TASK PROMPT - Your response is a verbatim copy of the listing, stripped of its images.

PROVIDED MATERIAL -
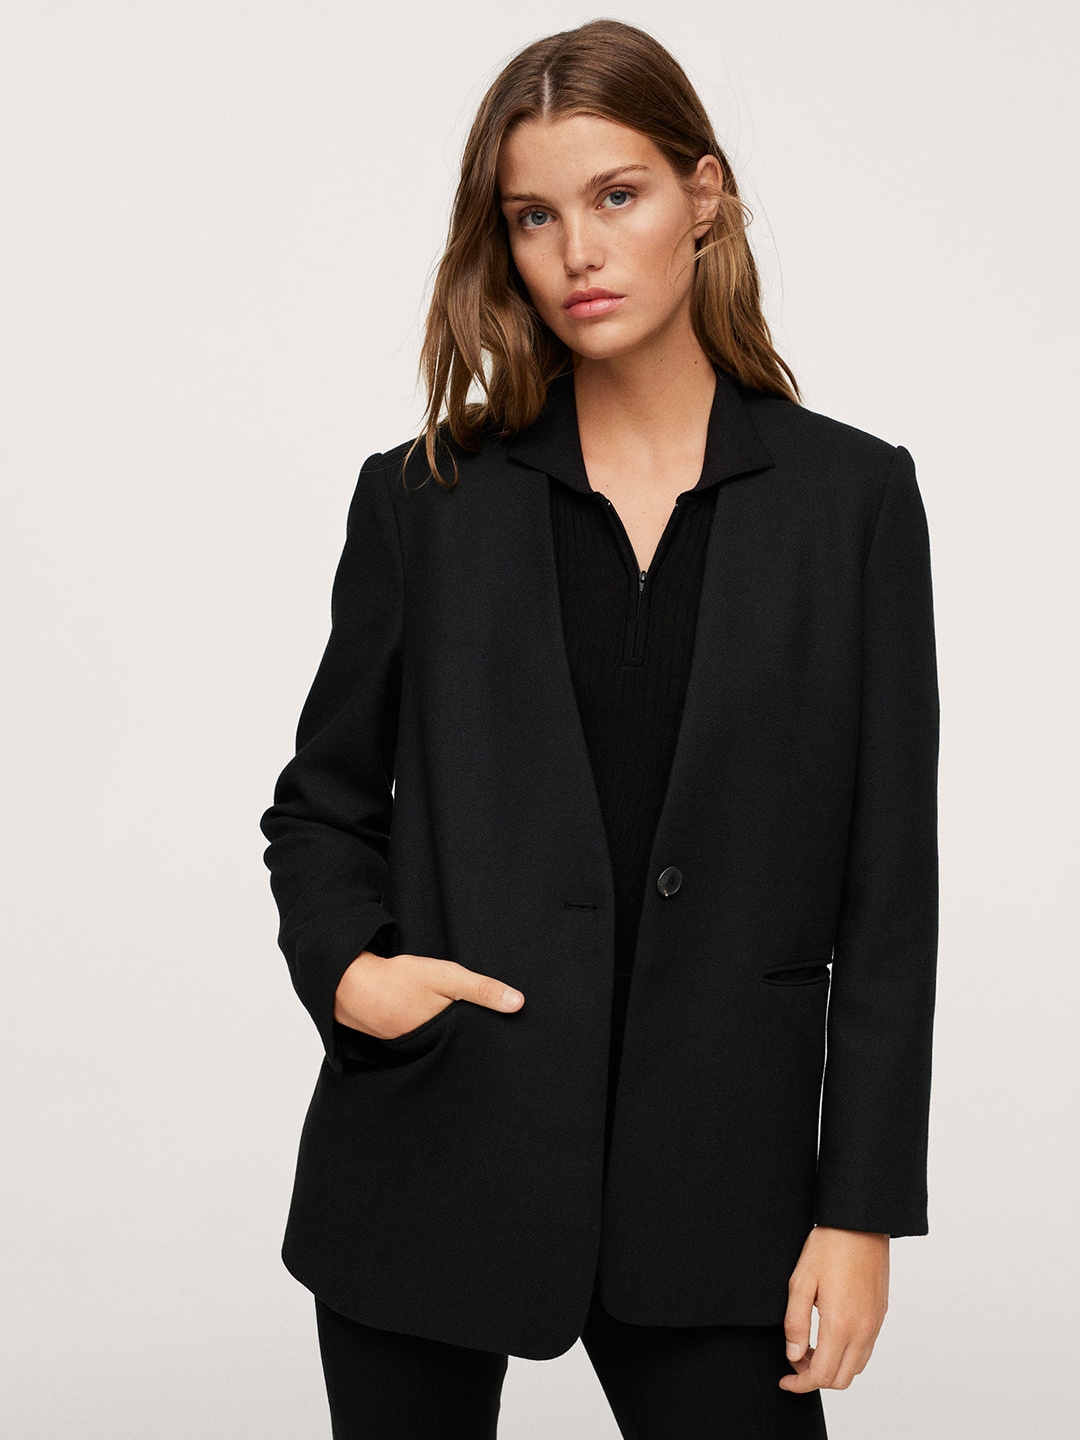 MANGO Women Black Solid Structured Single-Breasted Blazer Price in India
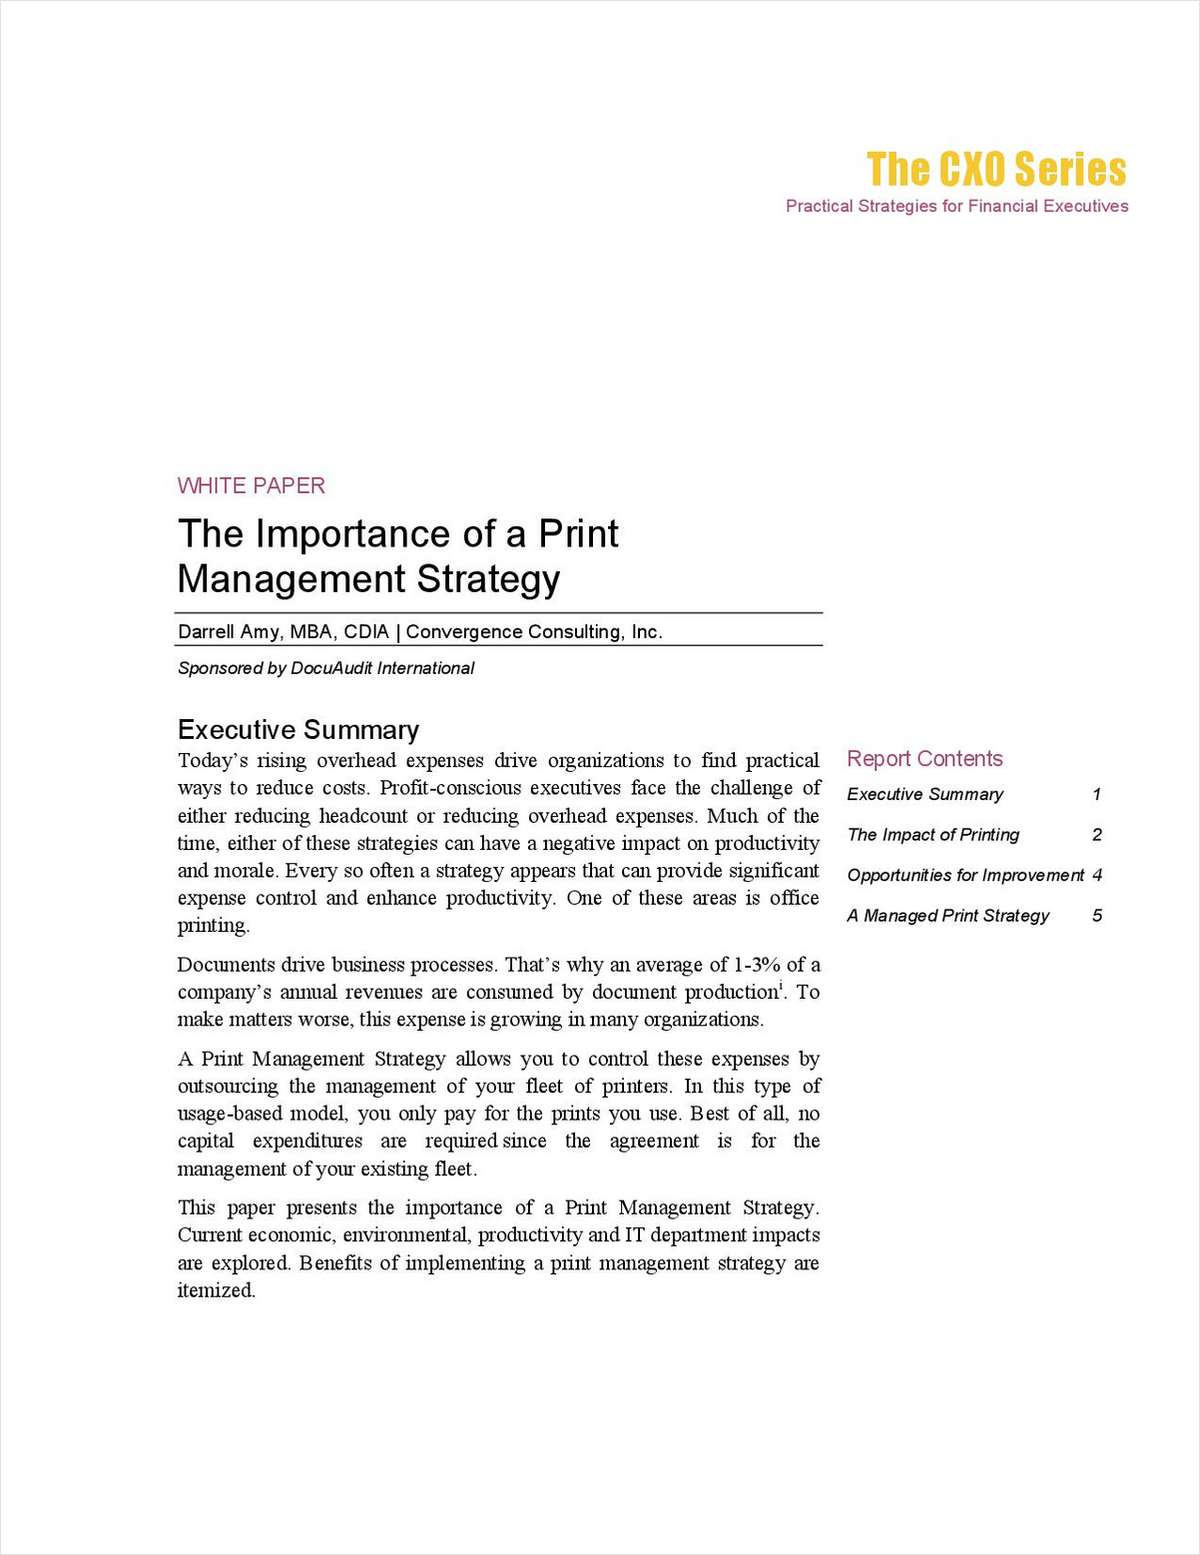 The Importance of a Print Management Strategy – And Why it Matters
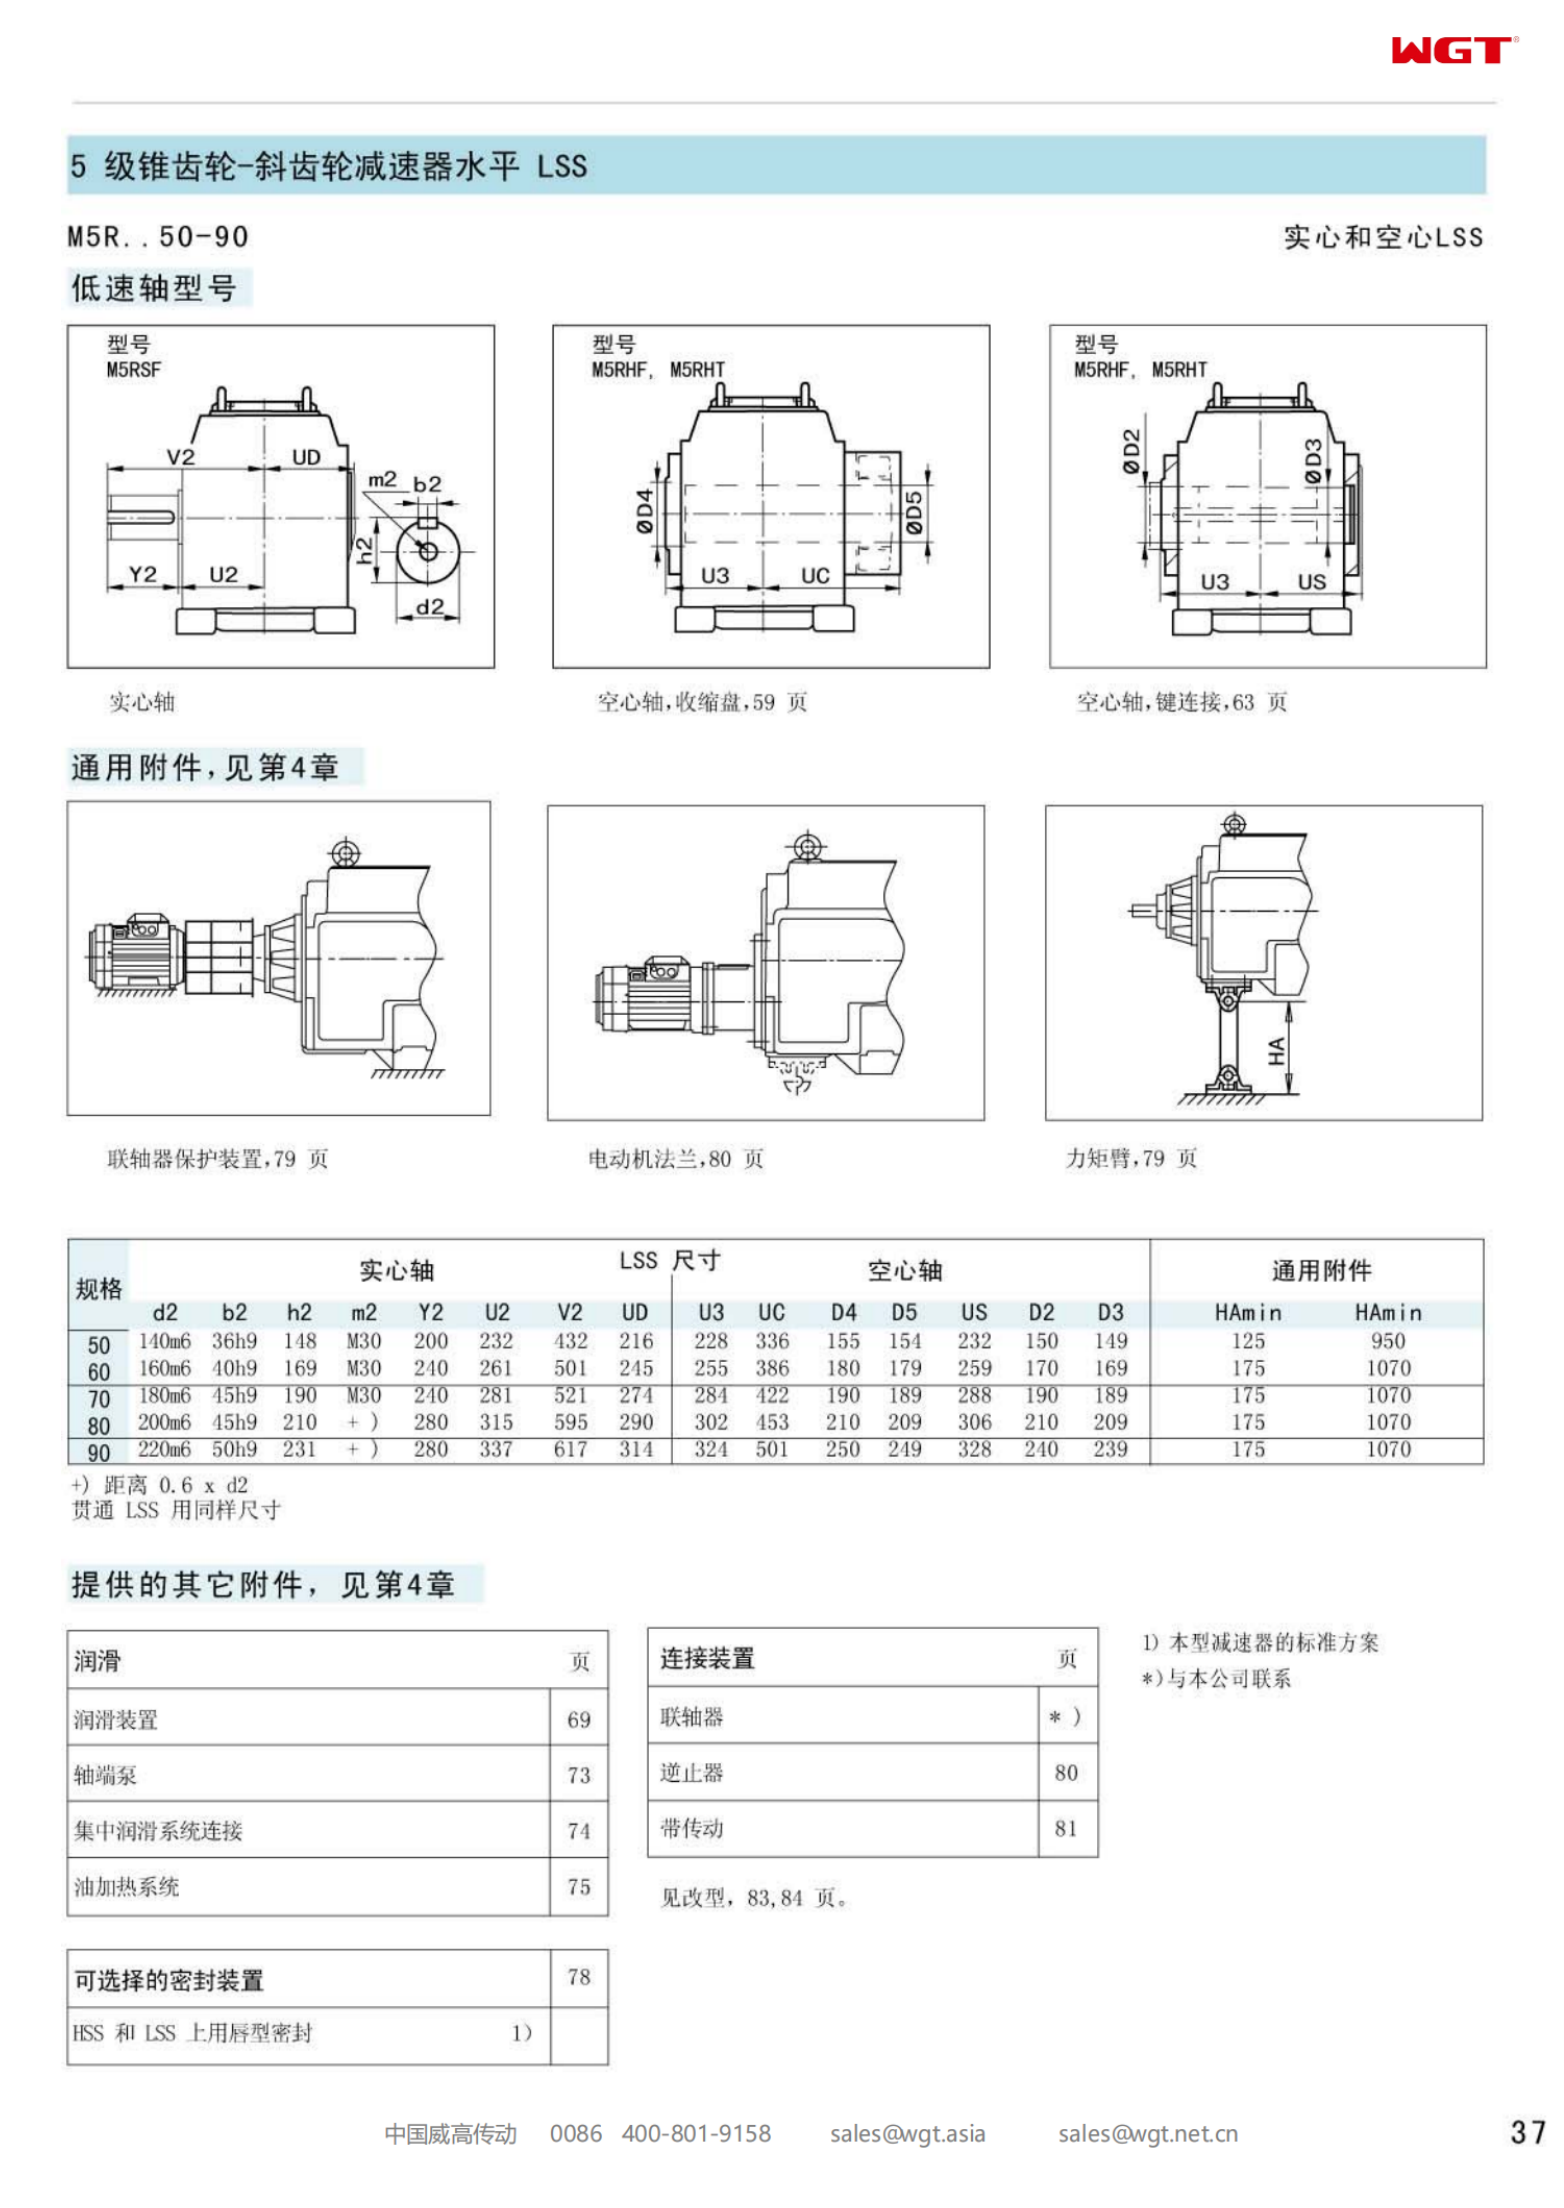 M5RHF80 Replace_SEW_M_Series Gearbox

TASK RESPONSE -
 MANGO Women Black Solid Structured Single-Breasted Blazer Price in India
 The Importance of a Print Management Strategy – And Why it Matters
 M5RHF80 Replace_SEW_M_Series Gearbox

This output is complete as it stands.